Command line tools: if any part of the command fails, you usually don't want
to continue, unless it is a long-running batch process. In that case, I
usually also write a logOnError() function to keep track of problematic work
items.

Servers: during server initialization, there are many circumstances where it
doesn't make sense to continue, such as template compilation failure or
failing to open the socket.

Other: I use dieOnError anywhere it would otherwise make sense to use panic()
- situations where continuing the program would mean running in an unknown
state, like out-of-memory conditions.

I've built systems with complex error handling before, but my teams have
always run into the problem of trying to reason about complex, unpredictable
program state. If the requirements can allow for the program to fail fast (as
you say, "punting the whole problem"), then the code itself can be kept much
simpler and easier to reason about. When errors do crop up, it is easier to
look at logs to debug a simple program (or infrastructure issue) than to debug
a complex program where you aren't sure how earlier errors affected state.
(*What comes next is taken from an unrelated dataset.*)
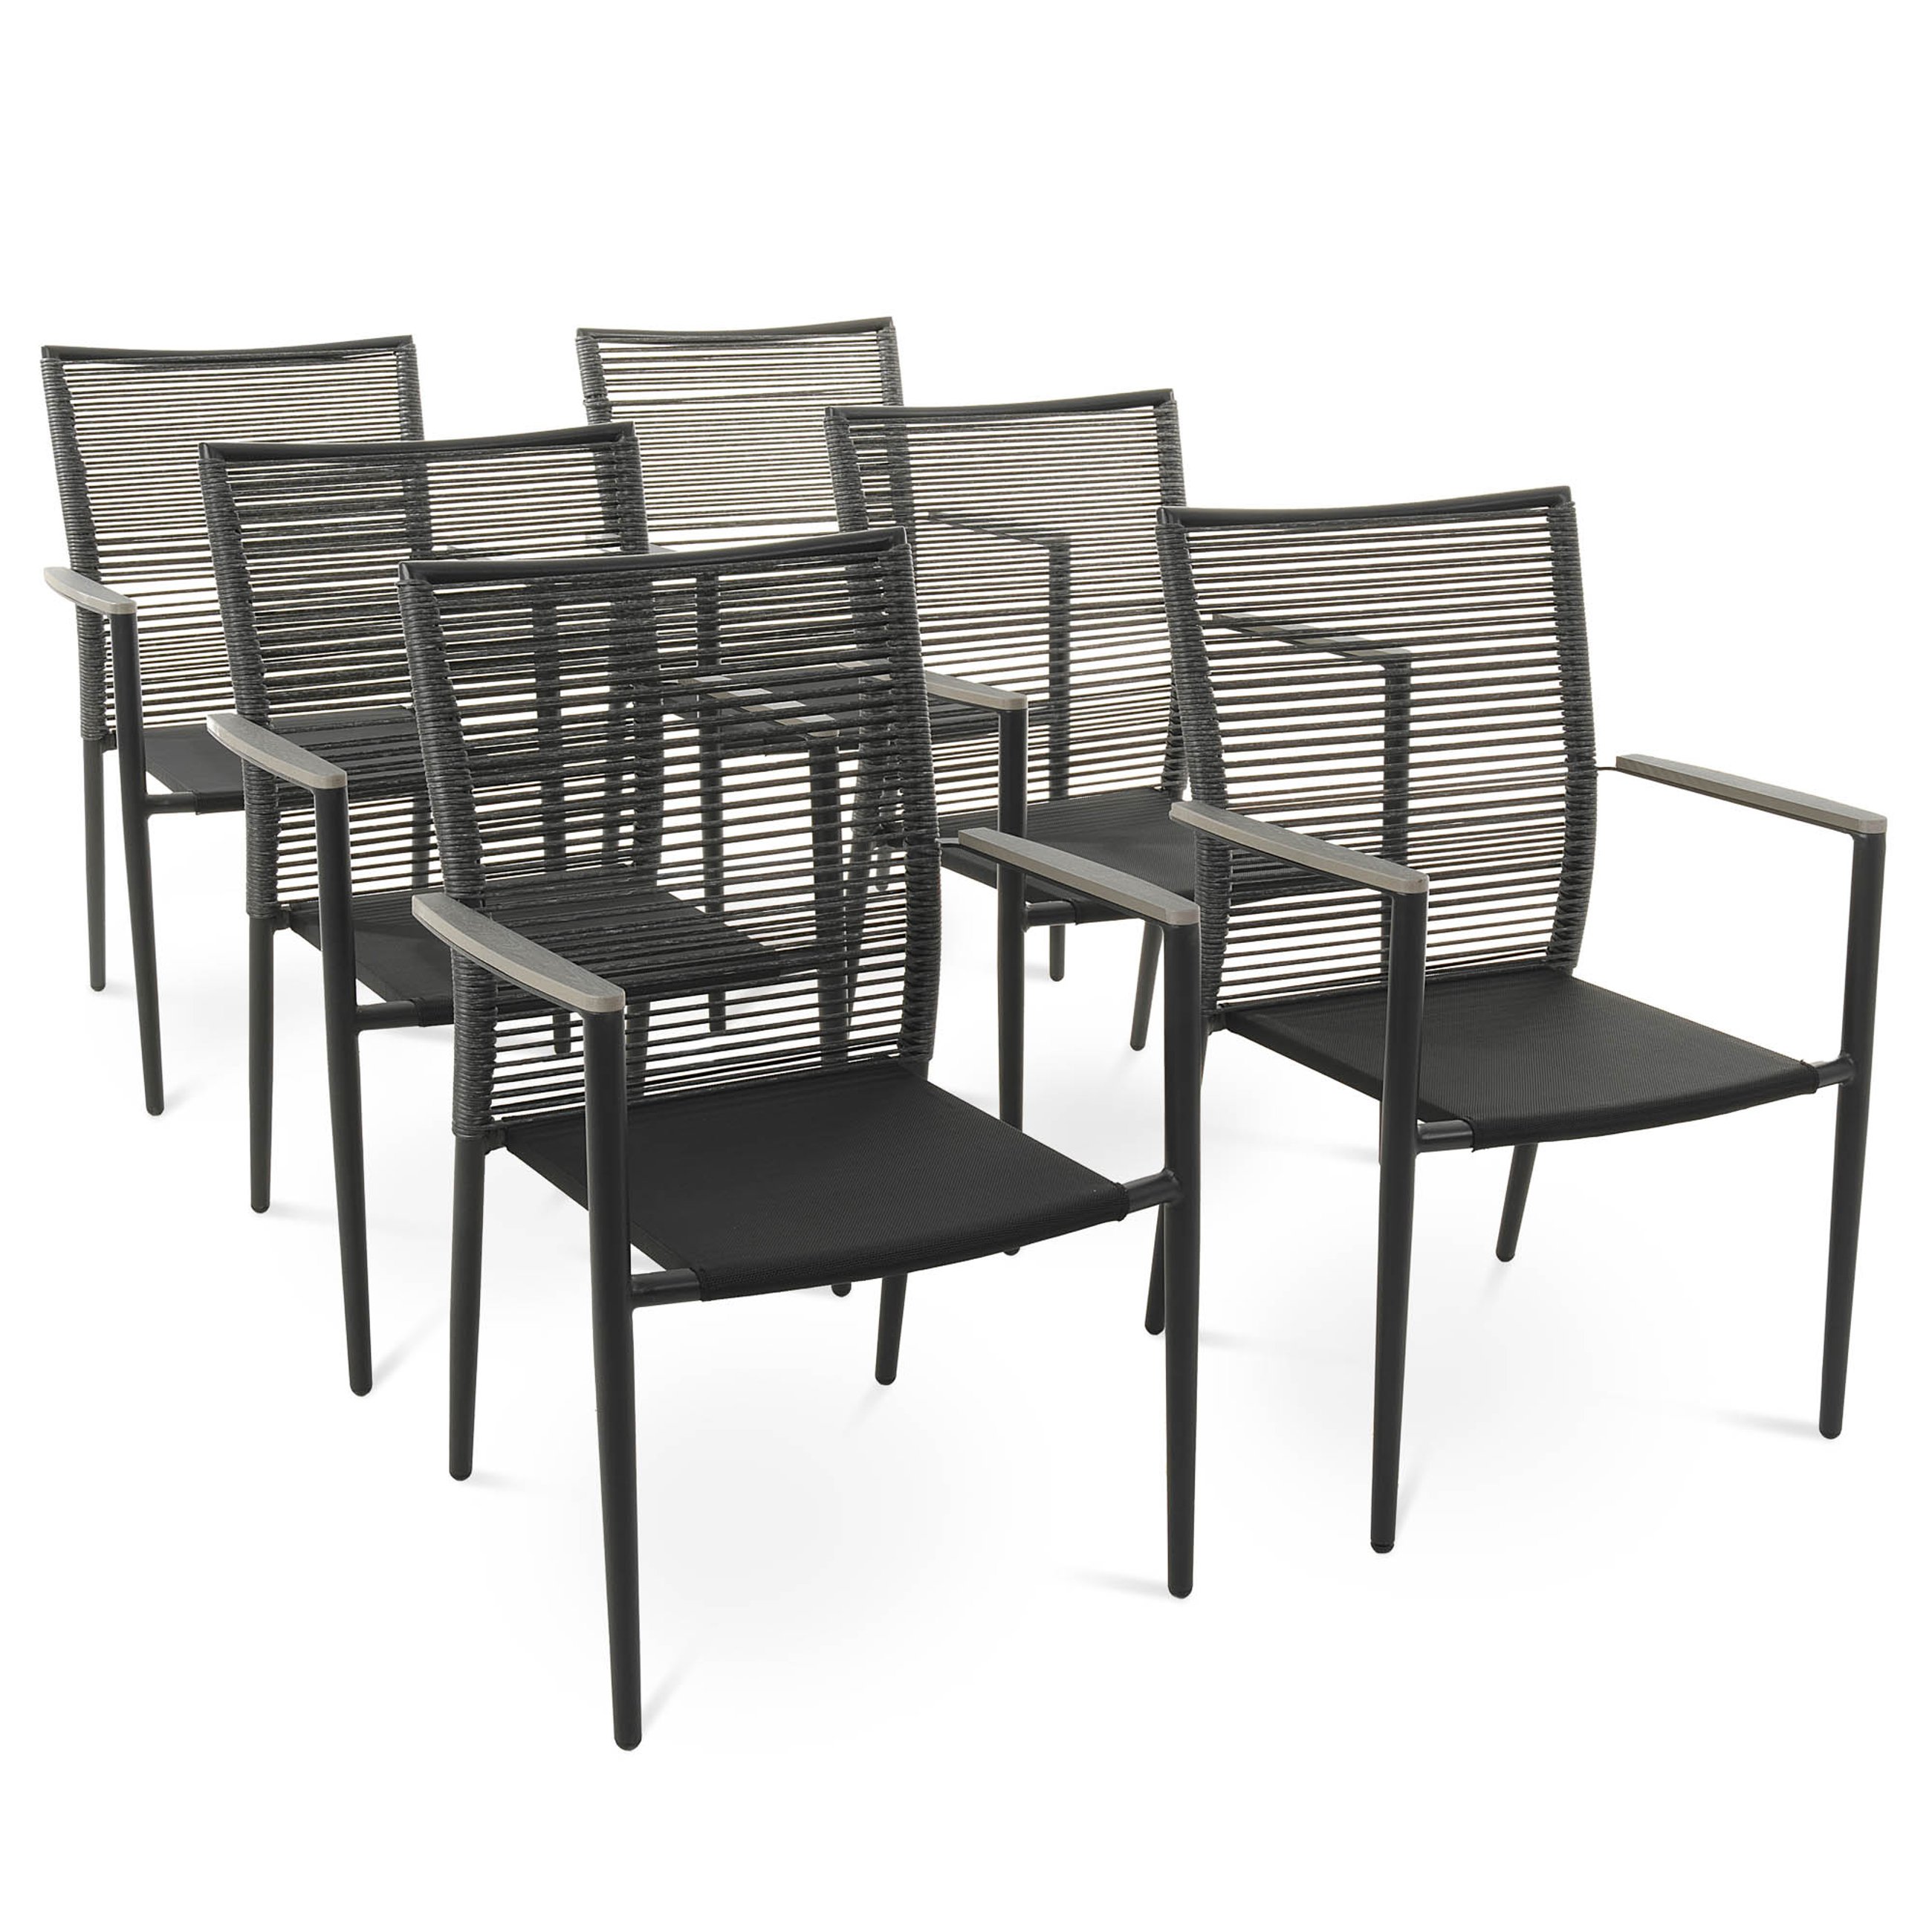 Zestaw 6 krzeseł ogrodowych Asti szare marki di volio zostały zaprojektowane z myślą o wygodzie użytkowania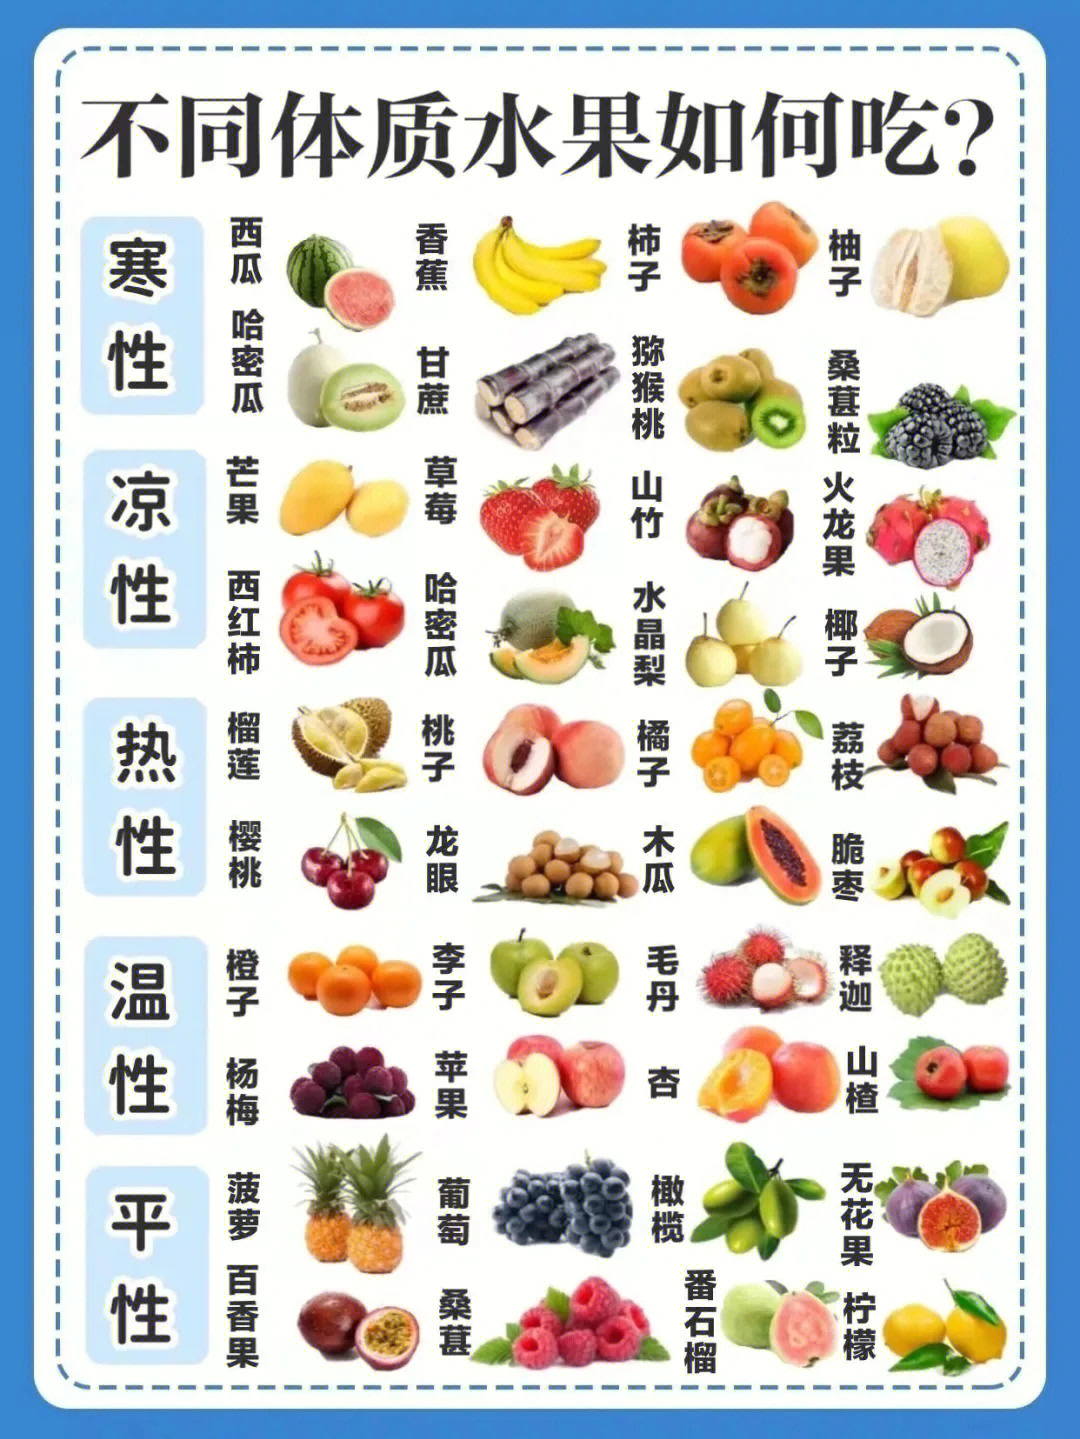 不同体质水果如何吃?寒性,凉性,温性,热性,平性

In languages with exceptions, this is sort of the default - if you don't
handle an exception, the program will crash. Often there will be a main level
exception handler that logs otherwise uncaught errors. But a problem in Go is
that programs are default-alive on errors. If you don't check the error status
of every single function call that returns errors, then the program can get
into unknown state. So in production code, especially code that just combines
a few libraries, every function call ends up taking 3 or 4 lines (1 line of
call and/or 3 lines of error checking).

Regarding the number of return values, my dieOnError/logOnError only handles
functions that return error and nothing else. If the function returns multiple
values, I first call it, then call dieOnError with the err:

    
    
      foo, bar, err := baz()
      dieOnErr(err)
      //assume foo and bar are valid
    

I suspect I could write a variadic error checking function that assumes the
last parameter is error:

    
    
      func dieOnError(a ...interface{}) {
        //do some reflection magic?
      }
      func foo() (bar int, baz int, err error) {
        ...
      }
      //maybe needs some type assertions or something?
      bar, baz := dieOnError(foo())

------
hardwaresofton
tl;dr - they said go was going to be simple. It is.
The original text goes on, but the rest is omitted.